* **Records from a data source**

^^^^

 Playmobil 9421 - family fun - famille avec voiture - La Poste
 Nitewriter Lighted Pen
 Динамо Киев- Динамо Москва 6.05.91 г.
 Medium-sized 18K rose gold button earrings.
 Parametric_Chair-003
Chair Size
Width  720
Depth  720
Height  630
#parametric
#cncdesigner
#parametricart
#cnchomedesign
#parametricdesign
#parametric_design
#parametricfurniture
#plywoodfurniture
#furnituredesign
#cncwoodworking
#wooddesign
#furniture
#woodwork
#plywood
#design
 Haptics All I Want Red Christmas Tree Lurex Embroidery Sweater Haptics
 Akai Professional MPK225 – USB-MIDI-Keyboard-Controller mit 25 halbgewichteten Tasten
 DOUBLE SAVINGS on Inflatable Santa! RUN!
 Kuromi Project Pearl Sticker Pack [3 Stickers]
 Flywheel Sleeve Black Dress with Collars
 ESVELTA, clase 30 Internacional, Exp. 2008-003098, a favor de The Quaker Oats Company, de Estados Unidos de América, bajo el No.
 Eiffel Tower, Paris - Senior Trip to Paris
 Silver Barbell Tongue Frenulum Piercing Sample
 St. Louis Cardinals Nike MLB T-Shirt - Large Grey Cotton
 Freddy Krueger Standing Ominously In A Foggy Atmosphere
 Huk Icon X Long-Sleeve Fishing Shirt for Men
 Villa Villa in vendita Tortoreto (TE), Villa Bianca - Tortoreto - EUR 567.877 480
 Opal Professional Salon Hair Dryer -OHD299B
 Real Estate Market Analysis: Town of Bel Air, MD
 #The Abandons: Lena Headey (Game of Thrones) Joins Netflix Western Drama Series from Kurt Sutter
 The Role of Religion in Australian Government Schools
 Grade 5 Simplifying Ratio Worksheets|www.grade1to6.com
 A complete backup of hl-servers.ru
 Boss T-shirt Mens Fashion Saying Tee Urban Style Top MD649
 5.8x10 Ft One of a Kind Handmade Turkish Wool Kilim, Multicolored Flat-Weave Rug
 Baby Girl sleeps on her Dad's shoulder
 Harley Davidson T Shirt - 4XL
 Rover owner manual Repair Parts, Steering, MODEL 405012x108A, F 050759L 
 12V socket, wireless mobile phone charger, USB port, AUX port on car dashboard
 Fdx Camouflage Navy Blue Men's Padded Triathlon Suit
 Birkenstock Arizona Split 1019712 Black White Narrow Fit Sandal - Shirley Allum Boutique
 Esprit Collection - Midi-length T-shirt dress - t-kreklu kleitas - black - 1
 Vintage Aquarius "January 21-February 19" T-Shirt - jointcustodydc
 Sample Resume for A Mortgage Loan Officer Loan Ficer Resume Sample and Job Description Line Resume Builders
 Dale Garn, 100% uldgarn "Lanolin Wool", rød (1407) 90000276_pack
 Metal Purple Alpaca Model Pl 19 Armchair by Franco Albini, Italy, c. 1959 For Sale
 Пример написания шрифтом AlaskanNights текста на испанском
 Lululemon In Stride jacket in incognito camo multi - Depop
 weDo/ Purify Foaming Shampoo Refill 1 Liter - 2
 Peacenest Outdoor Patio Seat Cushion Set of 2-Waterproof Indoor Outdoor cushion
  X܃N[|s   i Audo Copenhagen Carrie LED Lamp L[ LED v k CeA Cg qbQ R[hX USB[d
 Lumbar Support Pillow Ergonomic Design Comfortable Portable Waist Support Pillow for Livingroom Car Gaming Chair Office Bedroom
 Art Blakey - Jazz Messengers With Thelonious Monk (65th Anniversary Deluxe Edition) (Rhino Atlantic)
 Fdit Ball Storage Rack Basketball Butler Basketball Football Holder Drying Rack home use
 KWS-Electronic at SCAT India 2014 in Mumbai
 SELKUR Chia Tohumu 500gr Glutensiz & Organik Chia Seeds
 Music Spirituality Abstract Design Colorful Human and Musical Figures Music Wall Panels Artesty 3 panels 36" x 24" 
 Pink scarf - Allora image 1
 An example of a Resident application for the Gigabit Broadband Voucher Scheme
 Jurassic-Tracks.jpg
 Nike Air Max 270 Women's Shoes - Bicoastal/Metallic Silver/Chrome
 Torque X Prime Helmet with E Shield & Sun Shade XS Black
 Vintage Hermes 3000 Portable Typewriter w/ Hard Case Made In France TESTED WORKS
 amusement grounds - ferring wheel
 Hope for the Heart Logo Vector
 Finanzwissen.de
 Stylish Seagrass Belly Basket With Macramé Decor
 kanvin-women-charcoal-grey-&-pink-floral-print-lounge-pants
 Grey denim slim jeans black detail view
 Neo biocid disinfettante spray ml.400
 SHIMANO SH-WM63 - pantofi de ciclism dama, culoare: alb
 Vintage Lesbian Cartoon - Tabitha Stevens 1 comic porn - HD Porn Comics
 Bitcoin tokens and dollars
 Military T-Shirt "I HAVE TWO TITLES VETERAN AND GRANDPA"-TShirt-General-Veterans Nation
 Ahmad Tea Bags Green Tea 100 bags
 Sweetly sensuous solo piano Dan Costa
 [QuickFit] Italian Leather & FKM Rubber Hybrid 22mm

^^^^

Reproduce exactly the lines from the one with "Grey denim slim jeans black detail view" through the end of the entries above, both ends included.

* **Response box**
 Grey denim slim jeans black detail view
 Neo biocid disinfettante spray ml.400
 SHIMANO SH-WM63 - pantofi de ciclism dama, culoare: alb
 Vintage Lesbian Cartoon - Tabitha Stevens 1 comic porn - HD Porn Comics
 Bitcoin tokens and dollars
 Military T-Shirt "I HAVE TWO TITLES VETERAN AND GRANDPA"-TShirt-General-Veterans Nation
 Ahmad Tea Bags Green Tea 100 bags
 Sweetly sensuous solo piano Dan Costa
 [QuickFit] Italian Leather & FKM Rubber Hybrid 22mm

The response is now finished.